Atomic operations, which are used to ensure that data is read and written correctly when accessed by multiple threads simultaneously, are implemented in the L2 cache rather than at the processor core, which dramatically reduces their cost, notes Hammond, who programs models and communication software for Mira.

He is currently working on a project with researchers at Brookhaven and Oak Ridge National Laboratories that focuses on chemical phenomena associated with energy production and storage. Their code, MADNESS, is a multi-resolution numerical simulation framework that exploits a highly multi-threaded programming model that greatly benefits from lightweight synchronization mechanisms, such as L2 atomics. The combination is expected to make calculations run significantly faster and more efficiently.
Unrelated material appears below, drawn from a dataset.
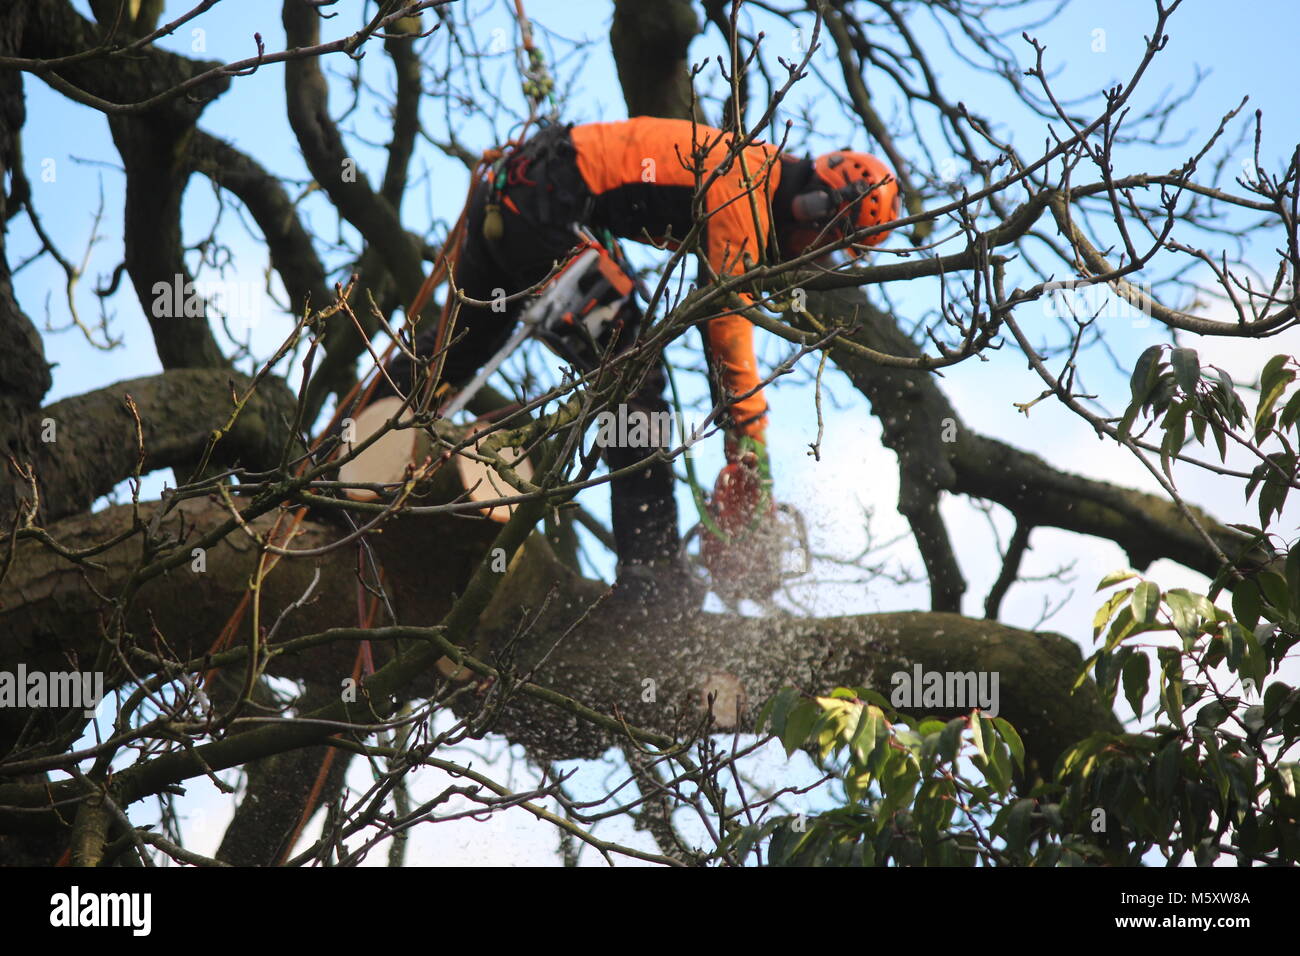 Tree surgeon operating his chainsaw in a tree attached to ropes sawing off large branches Stock Photo

The L2 memory cache also has been outfitted with additional state-of-the-art technologies. For example, transactional memory manages the concurrent use of multiple threads, protecting against conflicting operations in the atomic region and correcting for it. It is the first such hardware in a commercial computer.

The Foundation

IBM introduced many of these high-end hardware features into the Blue Gene/Q not expecting all users to actually use them, but rather to implement efficiently Mira’s primary network communication software, MPI. MPI makes extensive use of the L2 atomics, the QPX unit, and many of the network features, which gives the user the benefits of these features without having to program them directly.
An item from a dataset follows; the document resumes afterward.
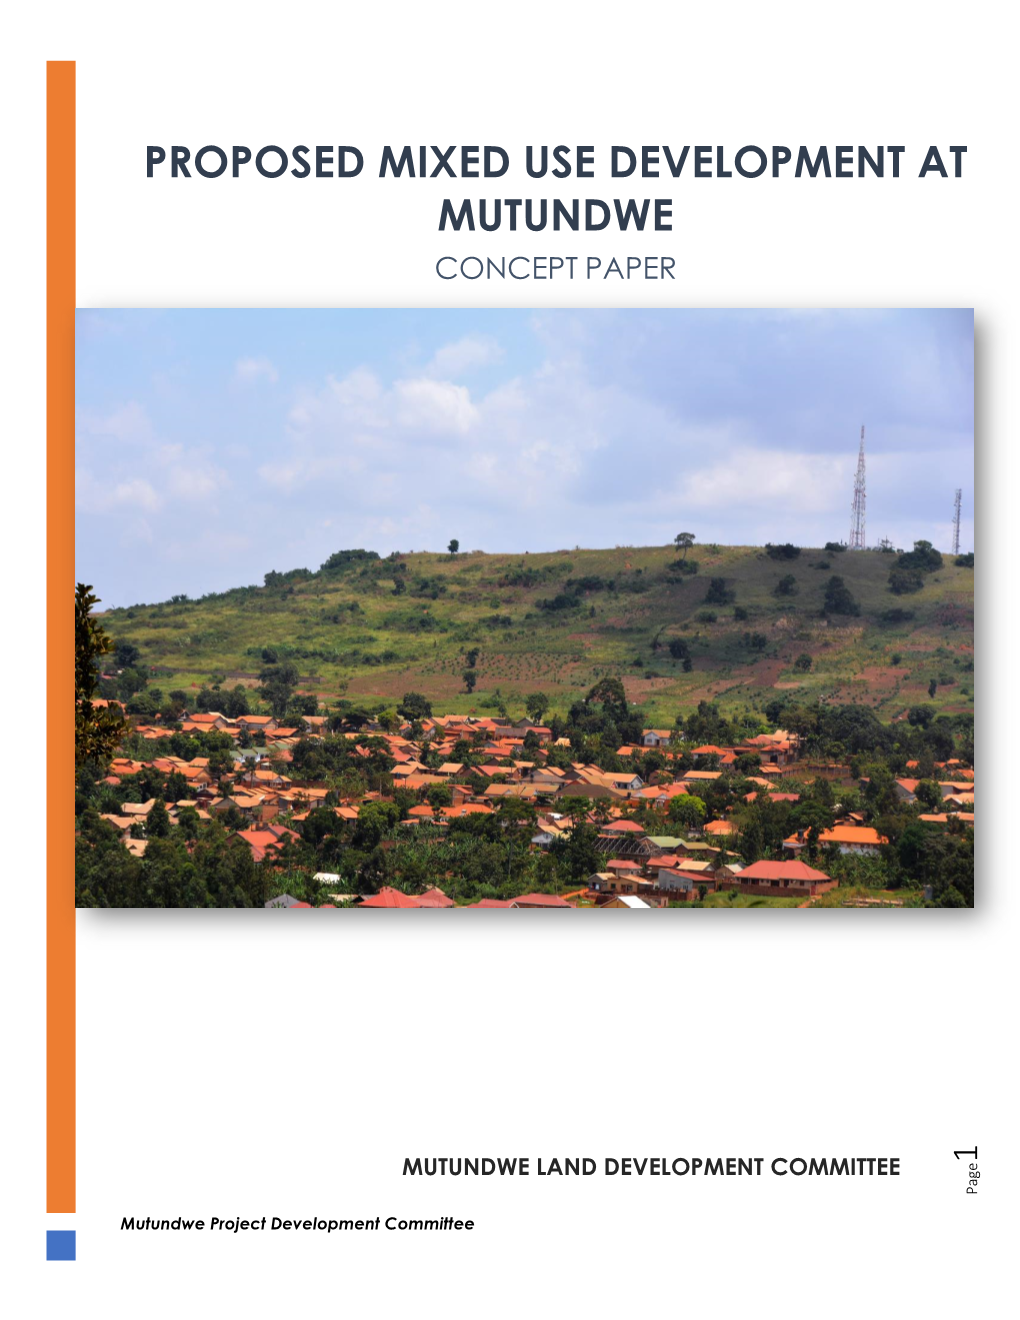 Proposed Mixed Use Development at Mutundwe Concept Paper

Because MPI is internally multi-threaded, it is able to create collaborations between hardware applications like SMT, L2 cache atomics, and the network when it needs to accelerate communications.

 “Ninety-nine percent of the way computational science is done in the world is done with MPI. And a large fraction of those codes, especially for the big machines, also use OpenMP,” notes Hammond.
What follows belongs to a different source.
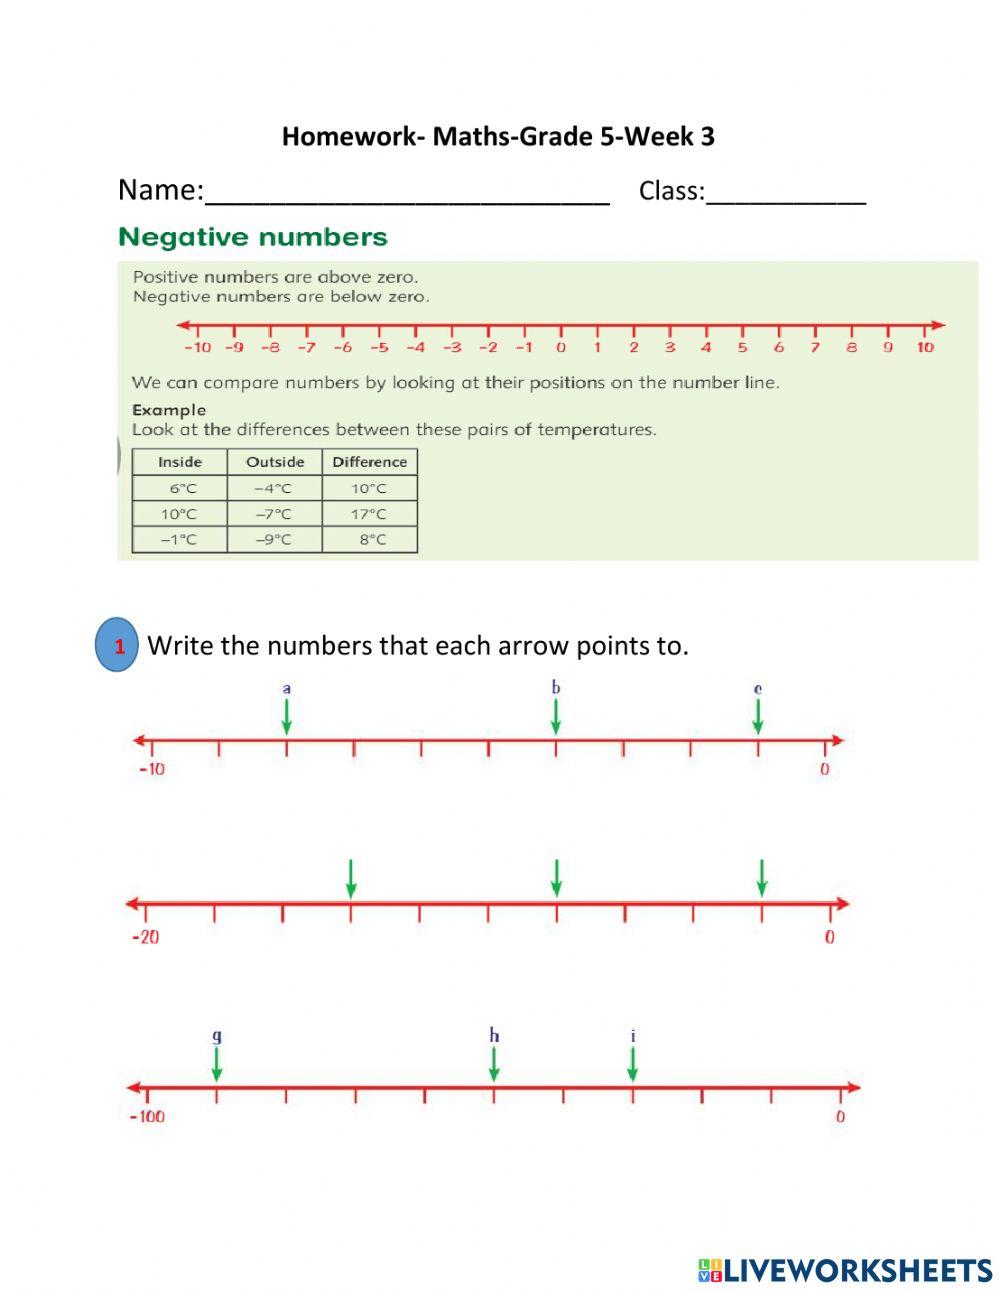 Negative numbers

“So the most effective way for ALCF to address the needs of computational science is to collaborate on a machine that delivers the maximum performance of MPI and OpenMP, and provide essential and innovative hardware features so that users can walk in on day one, compile their code, and immediately make effective use of Mira.”

The Blue Gene/Q system demonstrates the major benefits that can be gained from innovative architectural features that are developed with a deep understanding of scientific computing requirements. Such an approach is already leading researchers down the path toward exascale computing. Making it possible to perform computations a thousand times faster than today’s most powerful computers, these machines will truly prove themselves engines of discovery.